● **TASK ITEM**
Reproduce, exactly and in full, the lines from the one with "2a5db97f88e PUNGAS - Redesign" through the one with "Futuro próximo im" in the data below; drop pictures.

● **RECORDS SUPPLIED**
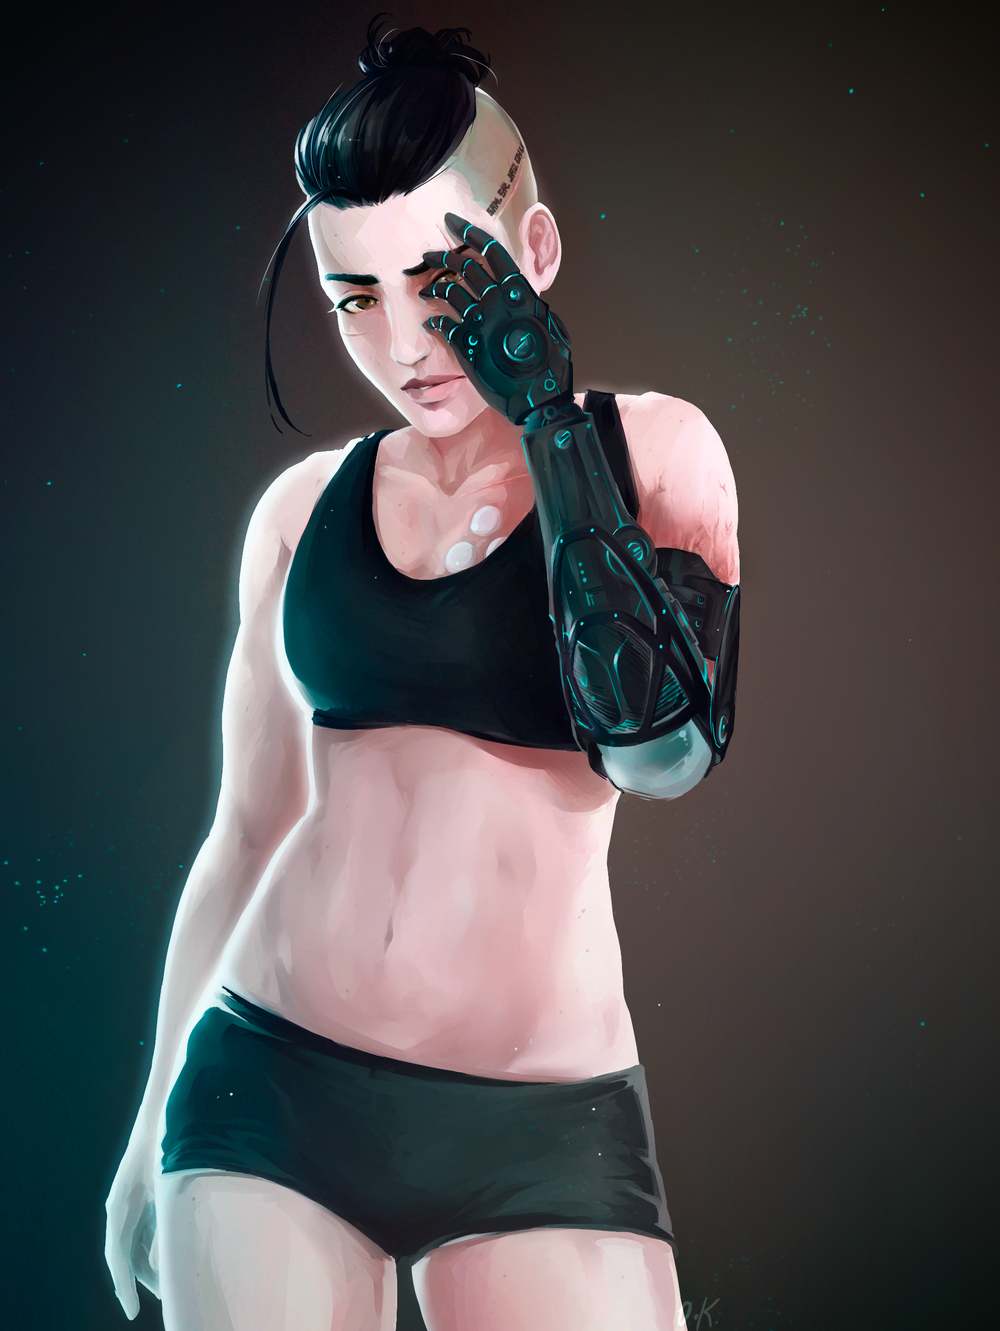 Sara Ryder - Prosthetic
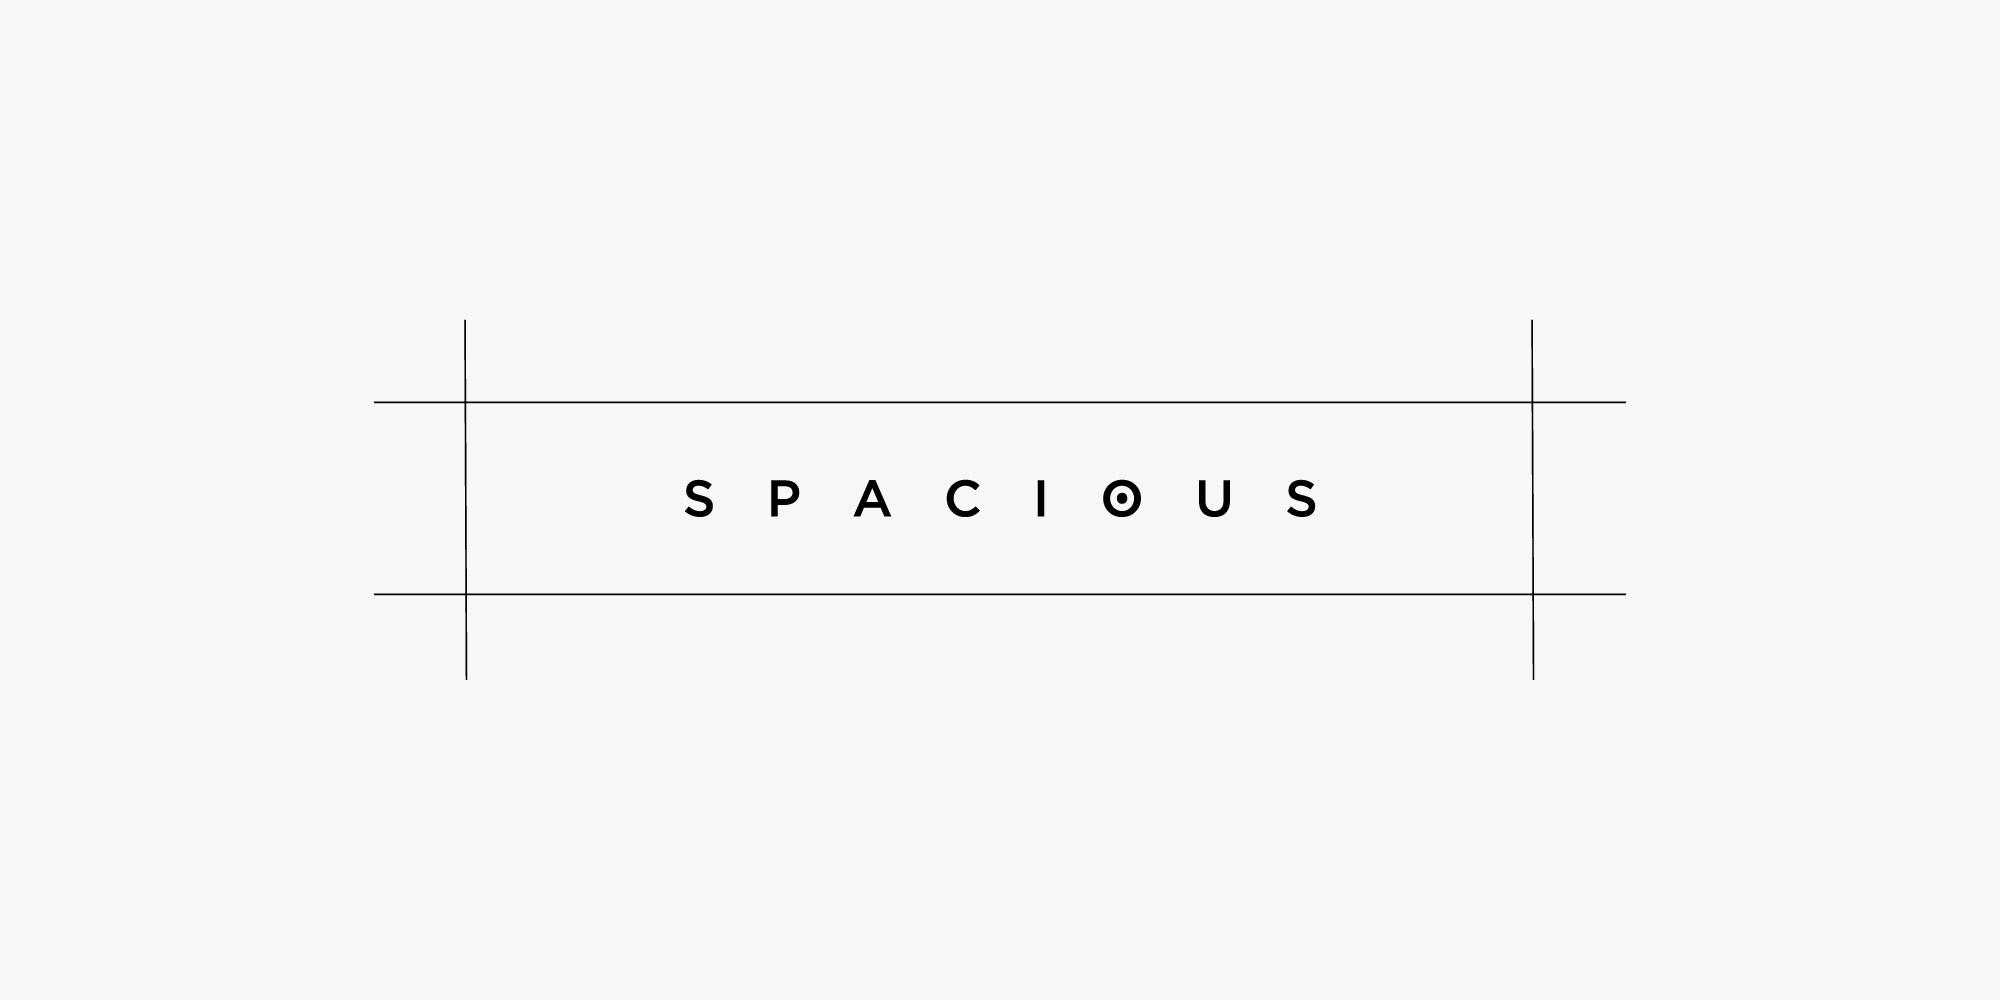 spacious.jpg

...

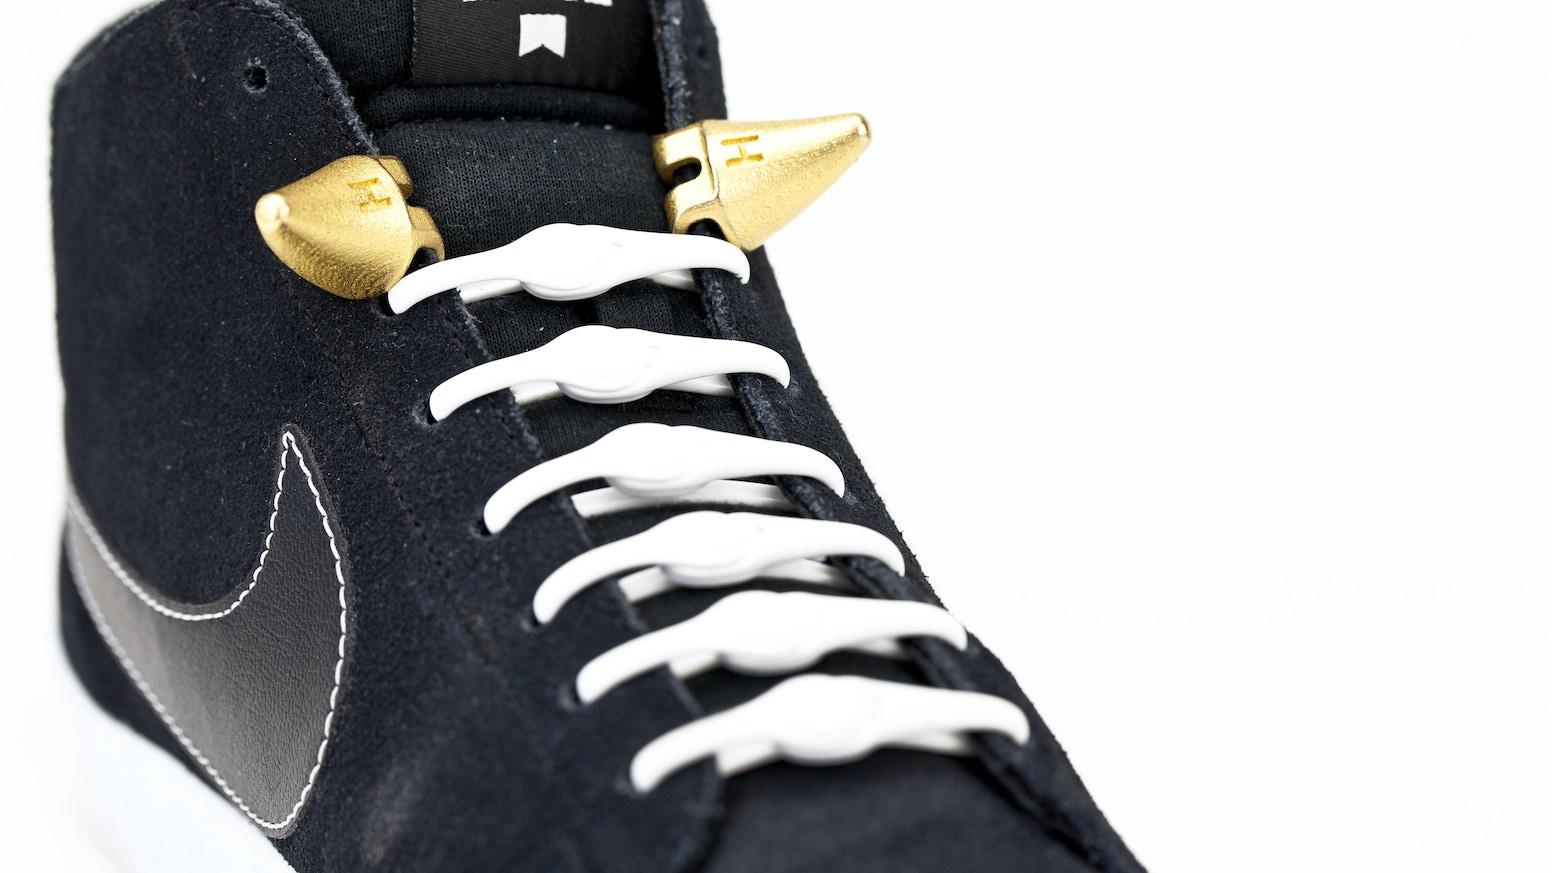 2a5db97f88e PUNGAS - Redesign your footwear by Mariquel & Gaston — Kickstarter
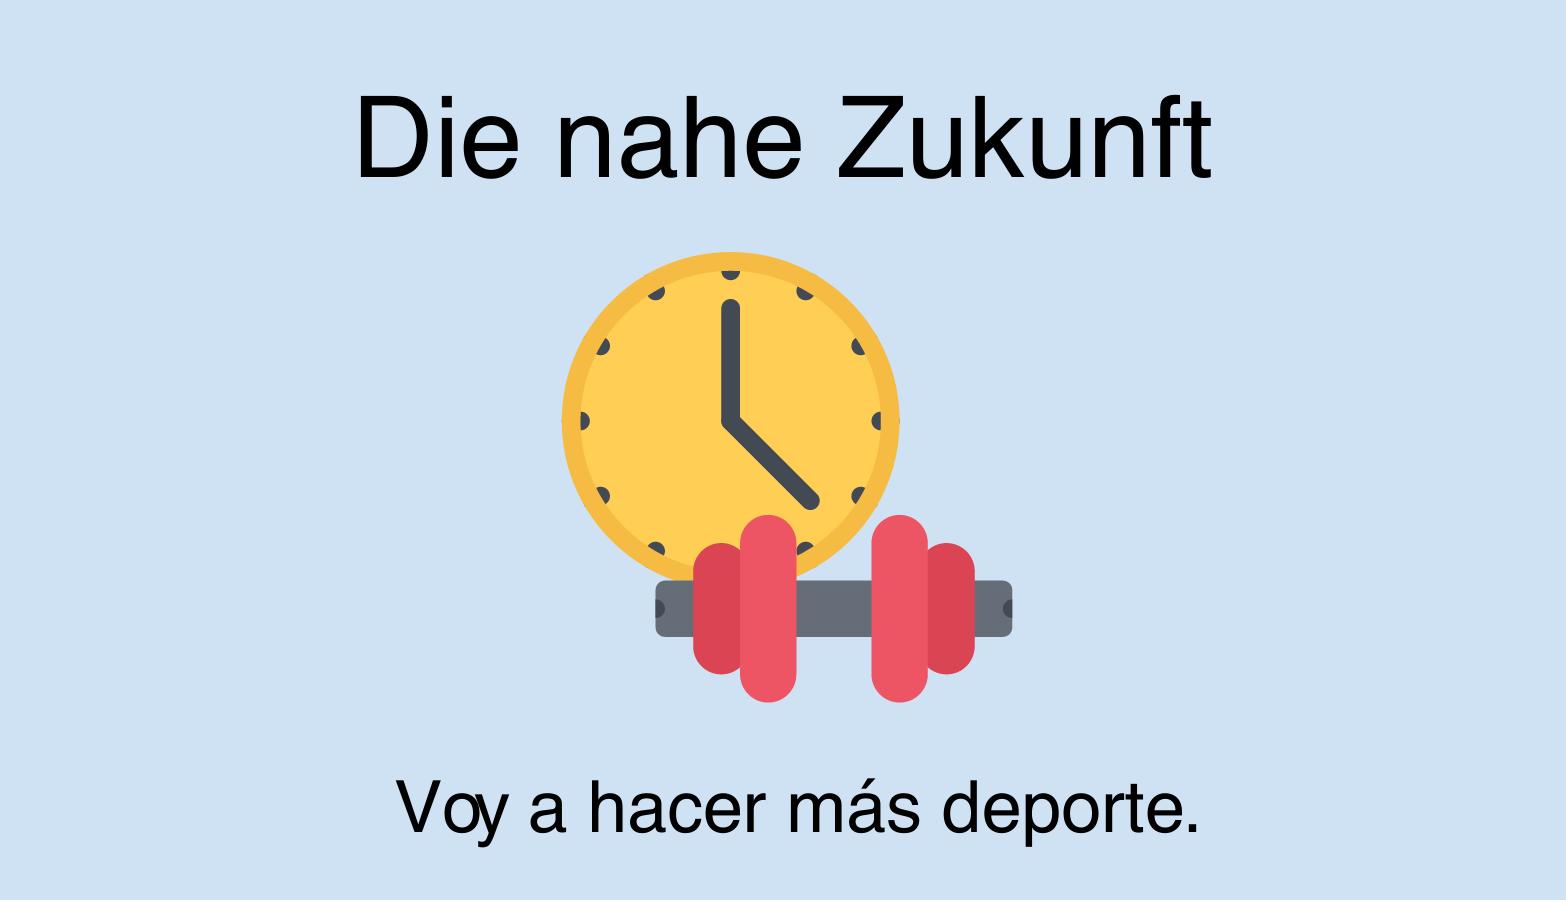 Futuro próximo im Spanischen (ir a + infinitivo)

● **ANSWER TO THE EXERCISE**
 2a5db97f88e PUNGAS - Redesign your footwear by Mariquel & Gaston — Kickstarter
 Futuro próximo im Spanischen (ir a + infinitivo)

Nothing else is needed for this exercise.